Minipublics are particularly well suited to serve this function. Precisely to the extent that their randomly selected participants are a mirror of the whole citizenry, the reasons and considerations that lead them to form their considered judgments are likely to be those that resonate with the rest of the citizenry (Fishkin, 2018, p. 72). Moreover, by highlighting the considerations that are most relevant for reaching a considered judgment on the political issue in question, minipublics would not only serve the function of reducing the costs of acquiring that type of information to the public. They would also serve the crucial function of sorting out the “wheat from the chaff,” that is, the information that reflects the considered views of some citizens as opposed to the many distorting claims that are strategically deployed to subvert rather than inform and which are therefore unsustainable in the face of deliberative scrutiny (Niemeyer, 2014, p. 14).
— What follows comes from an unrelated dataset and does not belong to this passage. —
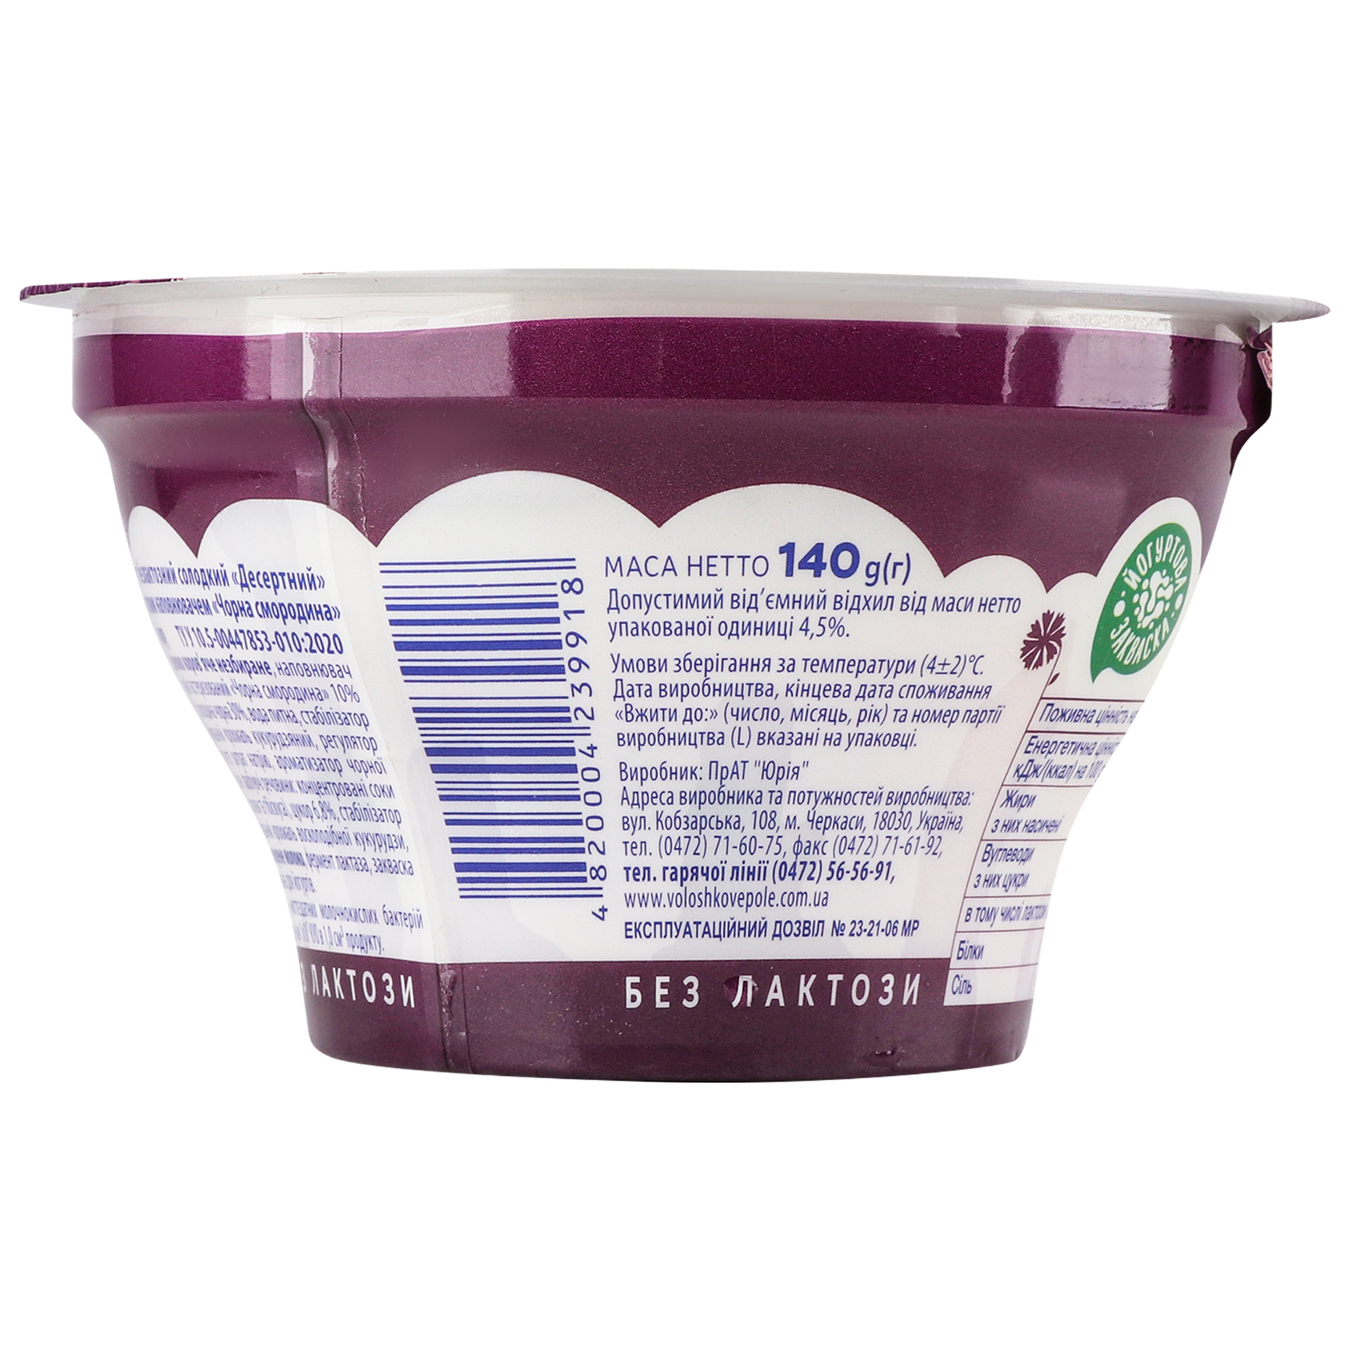 Yogurt cornfield black currant lactose-free 2.8% cup 140g 3

By testing the available arguments and providing their considered judgments to their fellow citizens, minipublics could play a constructive role in structuring public discourses. Minipublics could act as a regulator of information in the public sphere by doing the hard work of sorting through arguments and providing reasons for the resulting positions to the remainder of the public. Moreover, due to their inclusiveness, minipublics are not only able to identify acceptable public arguments, but they can also help publicize the concerns of marginalized groups that hardly ever find a voice among the most influential political actors.
Here, it is important to highlight that minipublics’ participants are as diverse as the citizenry itself and are therefore as likely to disagree in their considered opinions on contested political issues as the rest of the citizenry does. However, this does not make minipublics useless. On the contrary, they can provide crucial information to the citizenry if their reasoning and recommendations are made widely available. Knowing the interests, values, and lines of reasoning that resonate with our fellow citizens with respect to contentious political issues is essential precisely in cases when we disagree. For knowing the genuine sources of contention and disagreement on specific political issues—as opposed to the manipulative claims and pseudo-arguments that constantly circulate in the public sphere—would enable citizens to figure out the kind of information, evidence, arguments, or counterarguments that they would need to provide to their fellow citizens in order to move the public debate on these issues forward. This is precisely what citizens can no longer do in an increasingly fragmented and polarized public sphere.